▶ _What is expected_
Your answer must be the exact lines from the one holding "Studio Artist Pam" through the end of the entries, with no pictures.

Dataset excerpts
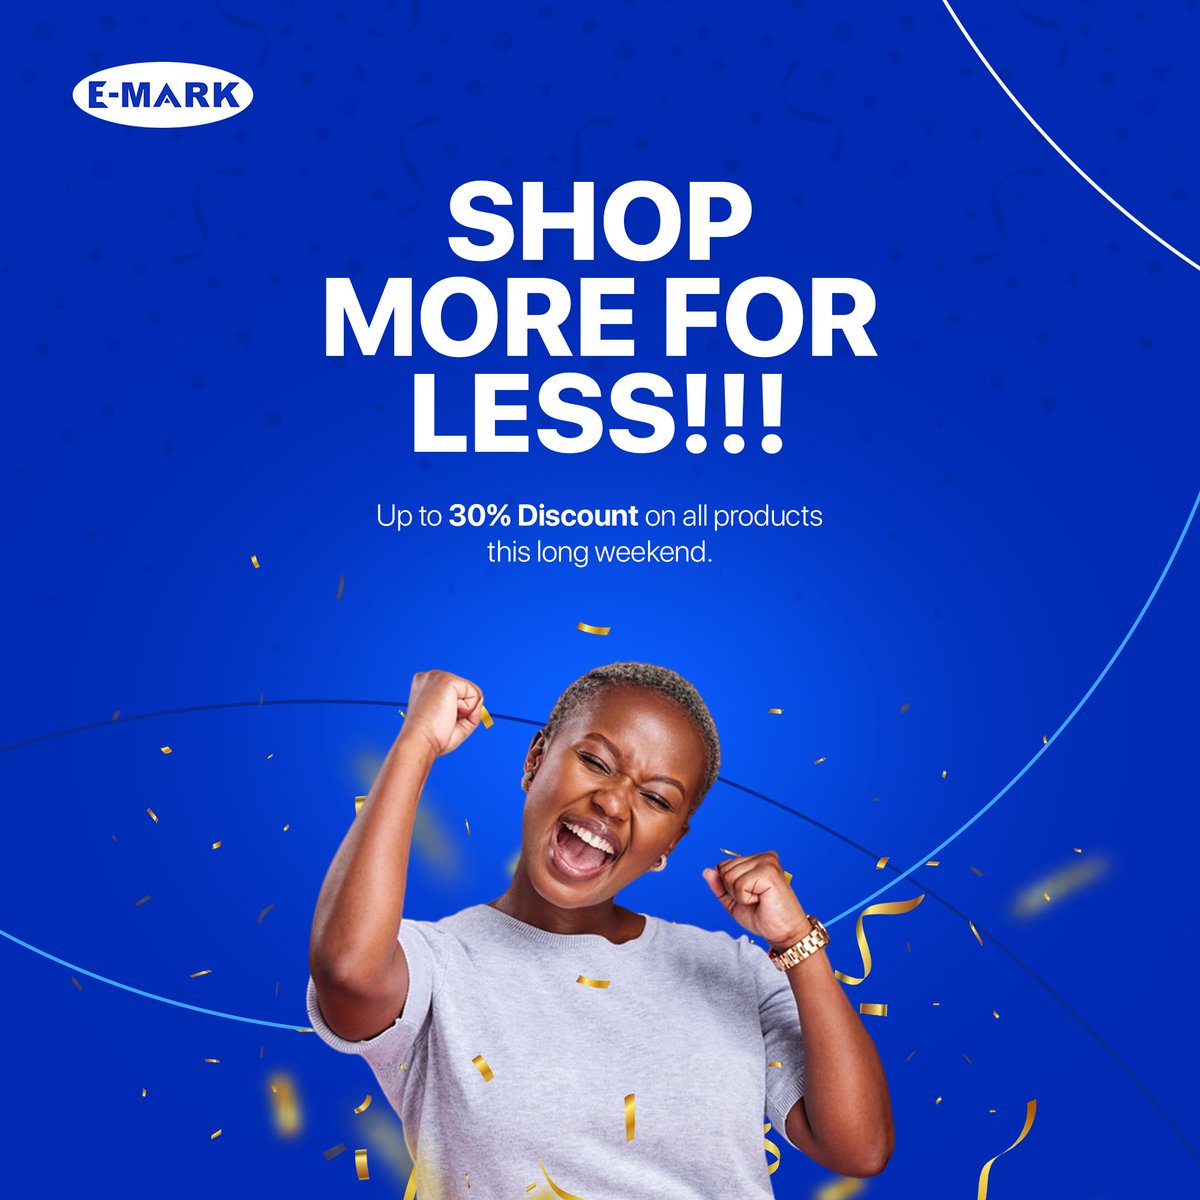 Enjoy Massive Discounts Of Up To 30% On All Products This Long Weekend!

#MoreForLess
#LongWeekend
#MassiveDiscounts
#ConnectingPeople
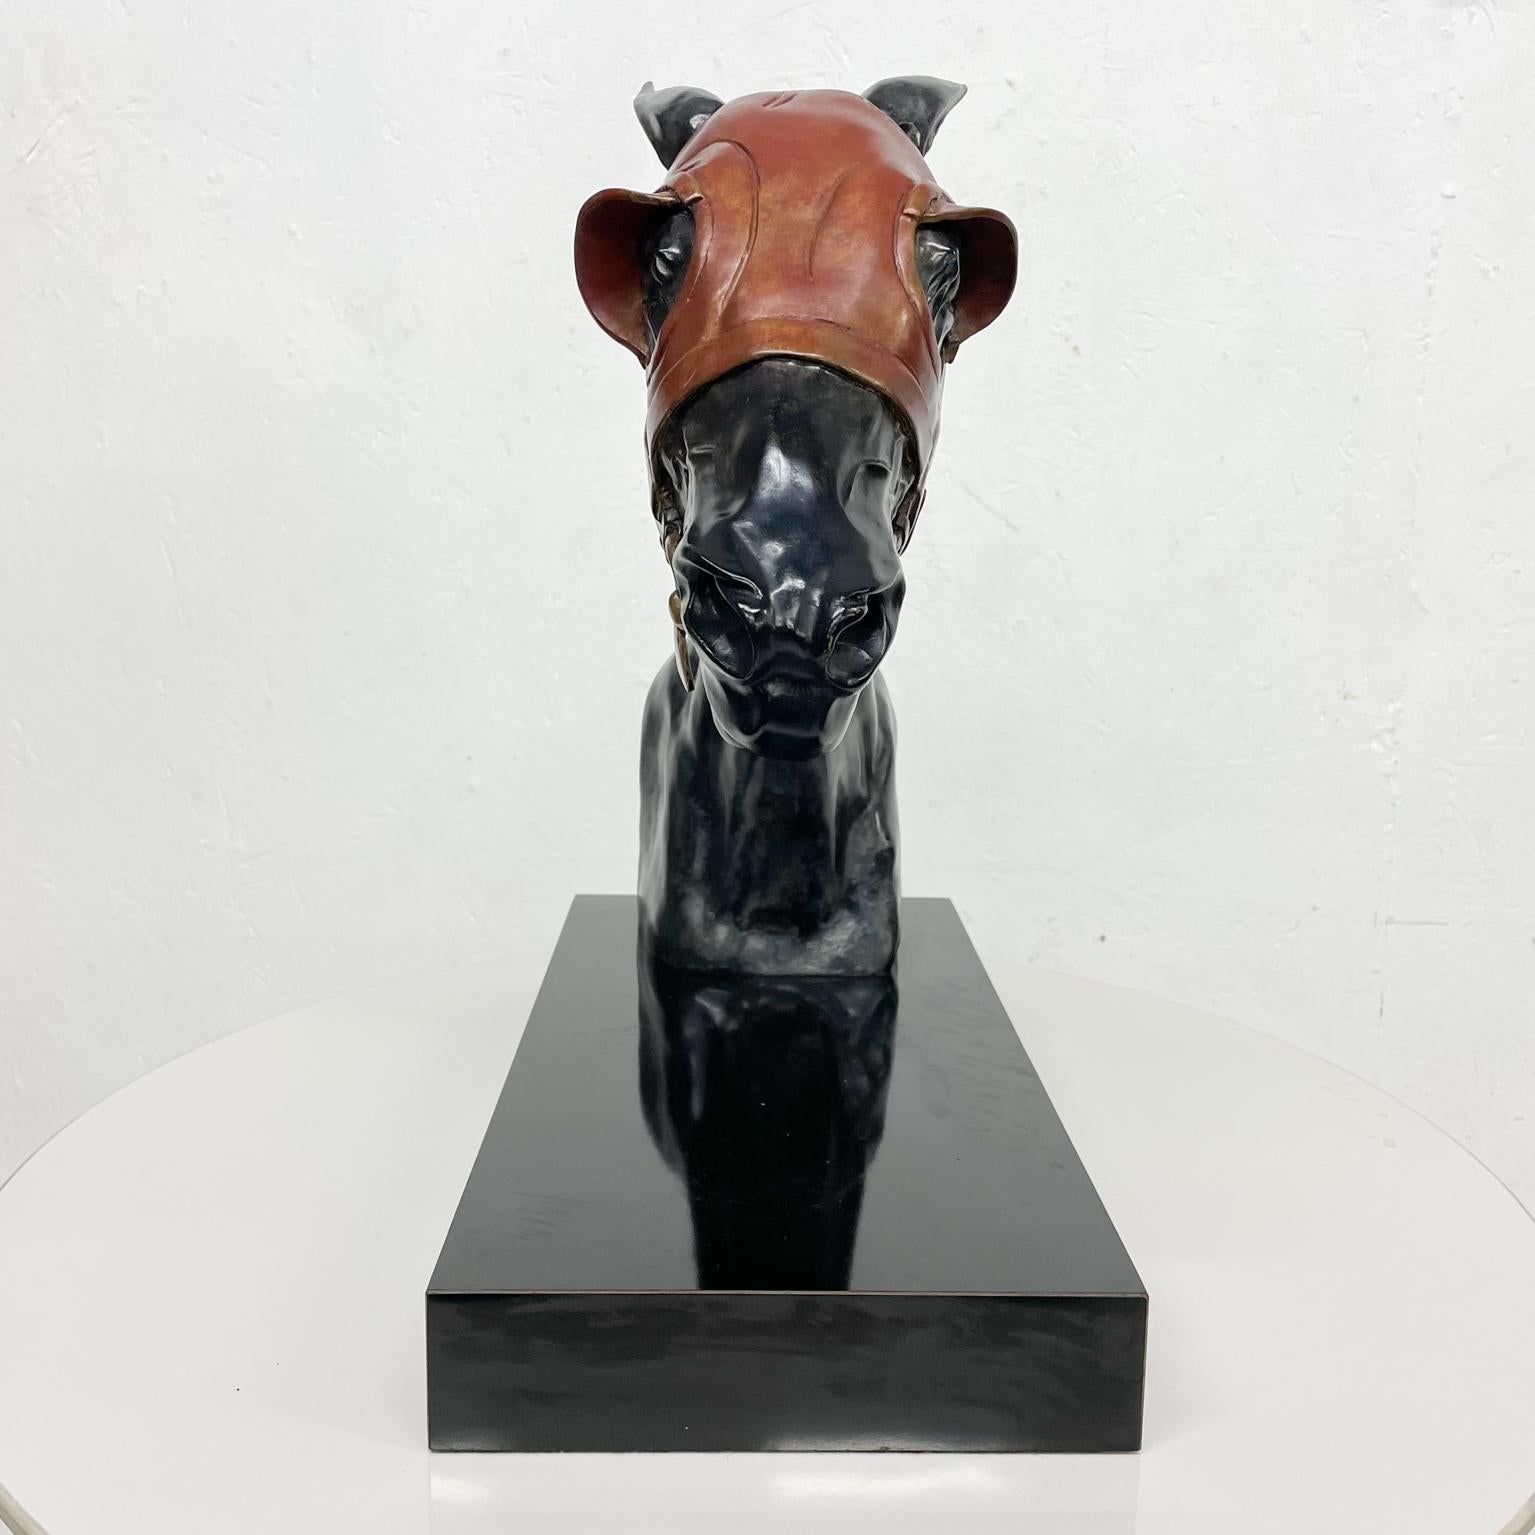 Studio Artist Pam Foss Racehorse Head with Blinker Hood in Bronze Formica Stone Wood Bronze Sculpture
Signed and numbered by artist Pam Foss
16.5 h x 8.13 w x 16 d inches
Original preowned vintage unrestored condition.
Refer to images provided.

▶ _Answer box_
 Studio Artist Pam Foss Racehorse Head with Blinker Hood in Bronze Formica Stone Wood Bronze Sculpture
Signed and numbered by artist Pam Foss
16.5 h x 8.13 w x 16 d inches
Original preowned vintage unrestored condition.
Refer to images provided.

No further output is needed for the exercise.